- Release poster
- Directed by: John Swab
- Written by: Scott Caan
- Produced by: Jeremy M. Rosen
- Starring: Scott Caan; Frank Grillo; J. K. Simmons;
- Cinematography: Will Stone
- Edited by: Andrew Aaronson
- Music by: David Sardy
- Production company: Roxwell Films
- Distributed by: Grindstone Entertainment Group
- Release date: April 4, 2023;
- Running time: 87 minutes
- Country: United States
- Language: English

= One Day as a Lion (film) =

One Day as a Lion is a 2023 American action thriller comedy film directed by John Swab, written by Scott Caan, and starring Caan, Frank Grillo and J. K. Simmons.

==Production==
Filming occurred in Oklahoma in June 2022.

==Release==
The film was released in select theaters on April 4, 2023. Then it was released on demand and digital on April 7, 2023.

==Reception==
The film has a 64% rating on Rotten Tomatoes based on 22 reviews.

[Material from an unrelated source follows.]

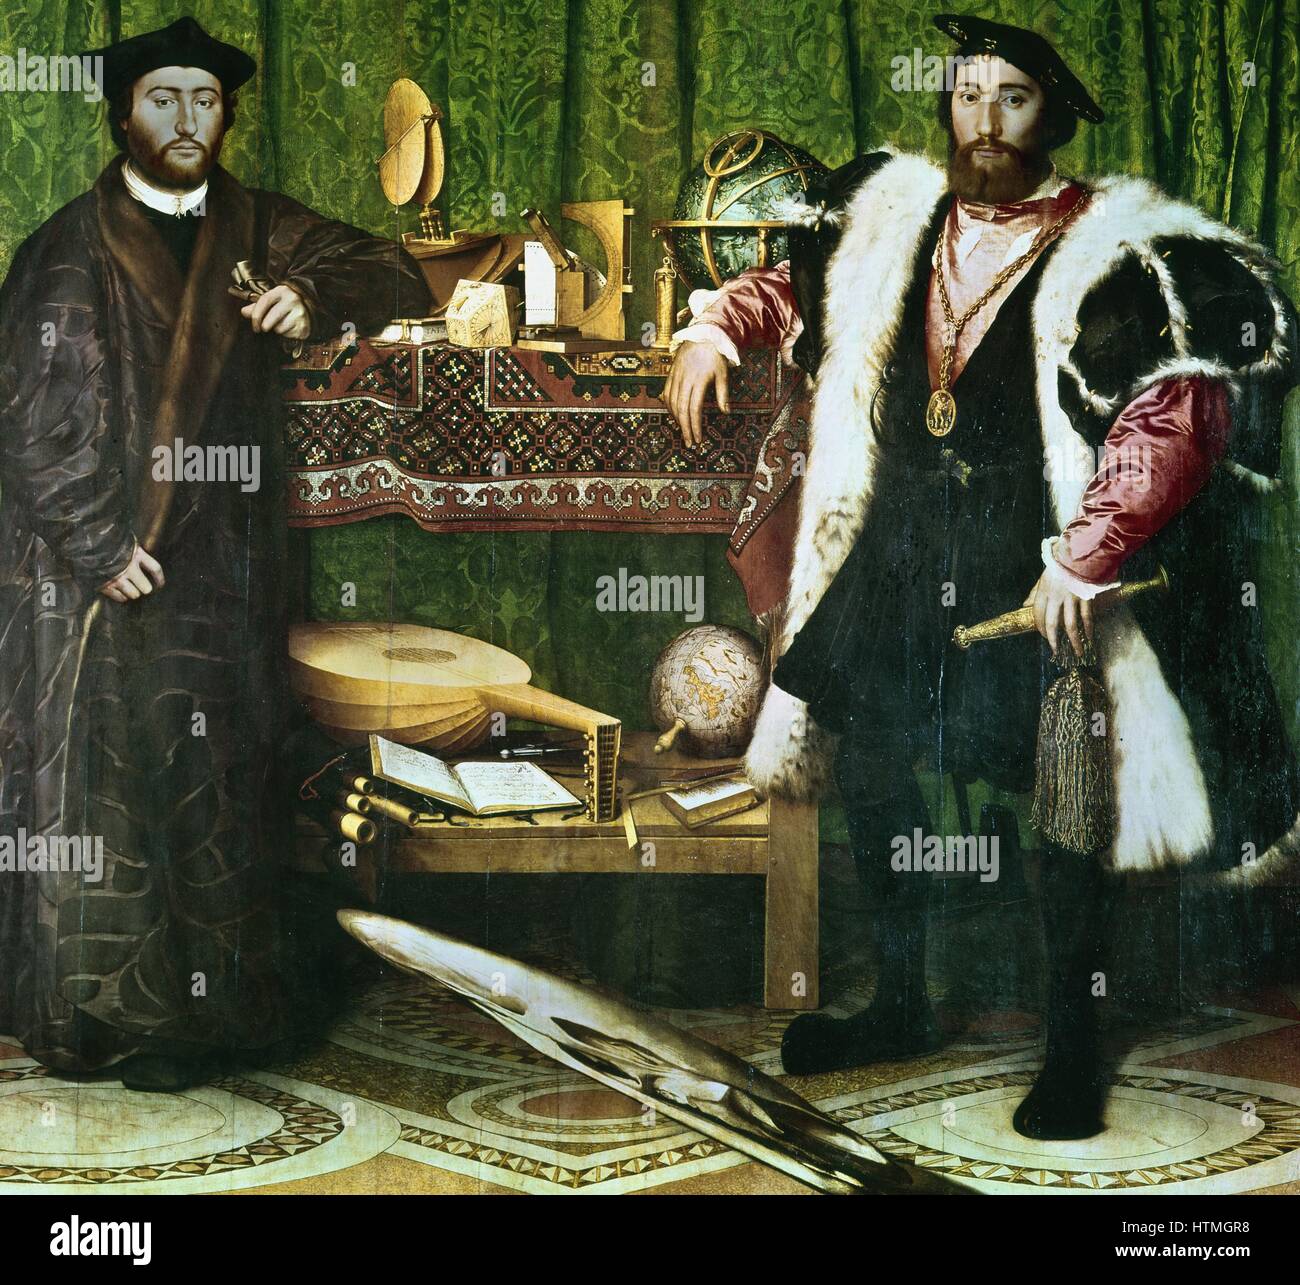 "Gli Ambasciatori, , (1533): Jean de Dinteville (1504-1555) e Georges de Selve (1508-1551), Vescovo di Lavaur, ambasciatori presso la corte di Enrico VIII d'Inghilterra. Hans Holbein il Giovane (1497-1543) tedesco-born artist. Le condizioni prima di effettuare la pulizia. Foto Stock

Noel Murray of the Los Angeles Times gave the film a positive review and wrote, "Nevertheless, the movie has the kind of personality and heart too often missing from grimy little crime pictures. It’s endearingly ramshackle."

Peter Martin of Screen Anarchy also gave the film a positive review and wrote, "One Day as a Lion is sufficiently likable to overcome its evident shortcomings and makes for a roughly criminal B-picture."